Зато его отношения с природой были острей и многозначительней, чем у ровесников. То резкое чувство, которое приходит на закате жизни, сопутствуя близящемуся прощанию, та зоркость, которую придает неизбежное скорое расставание, пришли к Денису на удивление рано. Он понимал язык времен года, — и пробуждение земли, тот ликующий ее час, который зовут «весной света», голоса вернувшихся соек, жаворонков и зябликов и долгие июльские дни с их прочным оранжевым блистаньем, с прозрачным пологом над головой, с плывущими медленно облаками, похожими на снопы в поле, и милые знаки бабьего лета — погожий листопад, песнь скворца, пожелтевшие иглы лиственниц — самая грибная пора. А там и осень, кулики и грачи собираются в дальний полет за летом, на стерне хозяйничает воронье, только ели да сосны в хвое, осины голы, липки беззащитны, над желтой горчицей и красной гречихой гуляет ветер — зима уж близко.
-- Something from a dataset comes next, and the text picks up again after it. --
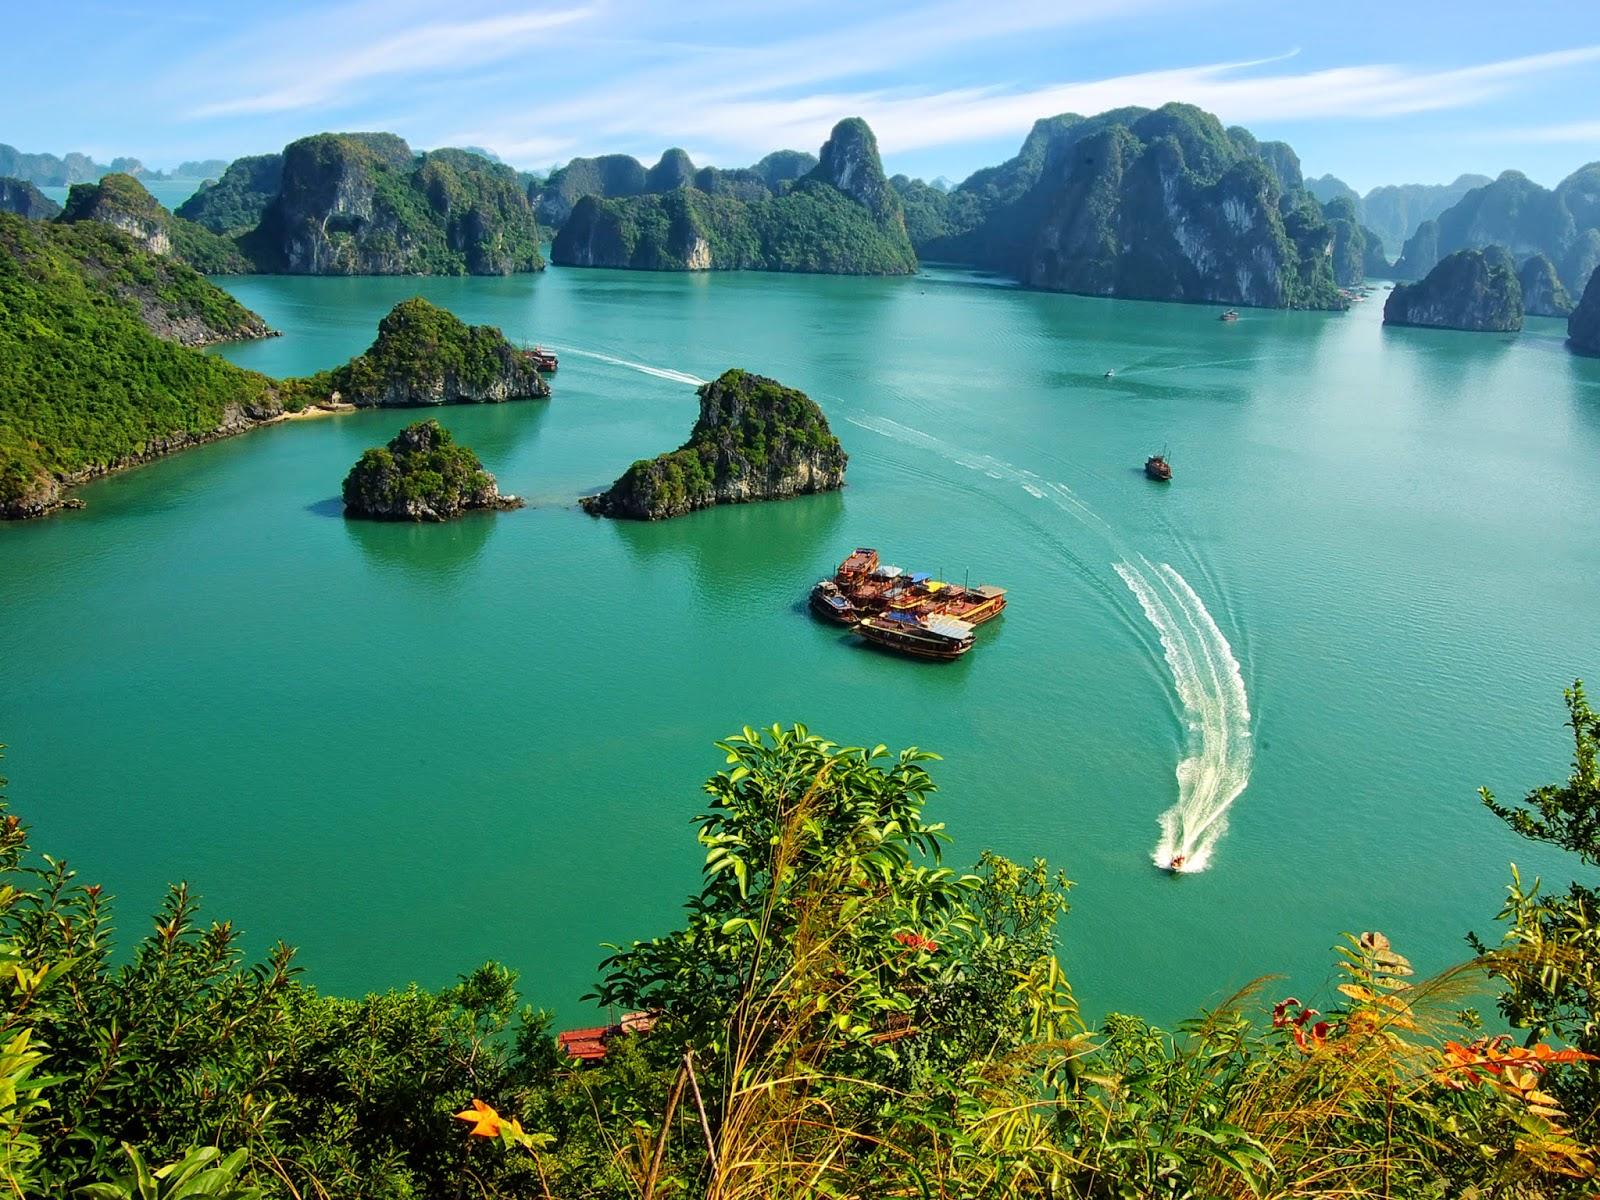 thuê xe đi vịnh Hạ Long

Достаток семьи был скромней скромного. Денис, вообще говоря, и мечтать бы не мог провести длинное лето в деревне, — пионерские лагеря не в счет, там он жил свою смену среди себе подобных по привычному распорядку, — но у тетки его была свойственница, десятая вода на киселе, они и сами понять не могли, кем все-таки приходились друг другу. Звали ее Анной Михайловной, жила она в махонькой деревушке из нескольких дворов на крутом пригорке, почти отвесно стоявшем над Цоном, который, делая здесь петлю, приближался к поджидавшей Оке.

Это была разбитная женщина, она сама о себе говорила: где упану, там встану. Так оно и было. Муж ее пропал на войне, скорее всего погиб в окружении, с тех пор она жила одиноко и охотно привечала Дениса. То были его счастливые дни. Хорошо было, проснувшись на зорьке, смотреть на серебряное колечко реки, на пойменный лужок с ивняком, на дальние березовые рощицы, — чем ближе к осенней поре, тем больше напоминали они ему золотые веера-опахала. И хоть Михайловна охлаждала его: здесь жить — только любоваться, а работать — нужен вертолет, — что было истинной правдой, пригорок был на отшибе, — все равно душа Дениса томительно дрожала, когда он озирал эти словно подаренные ему места.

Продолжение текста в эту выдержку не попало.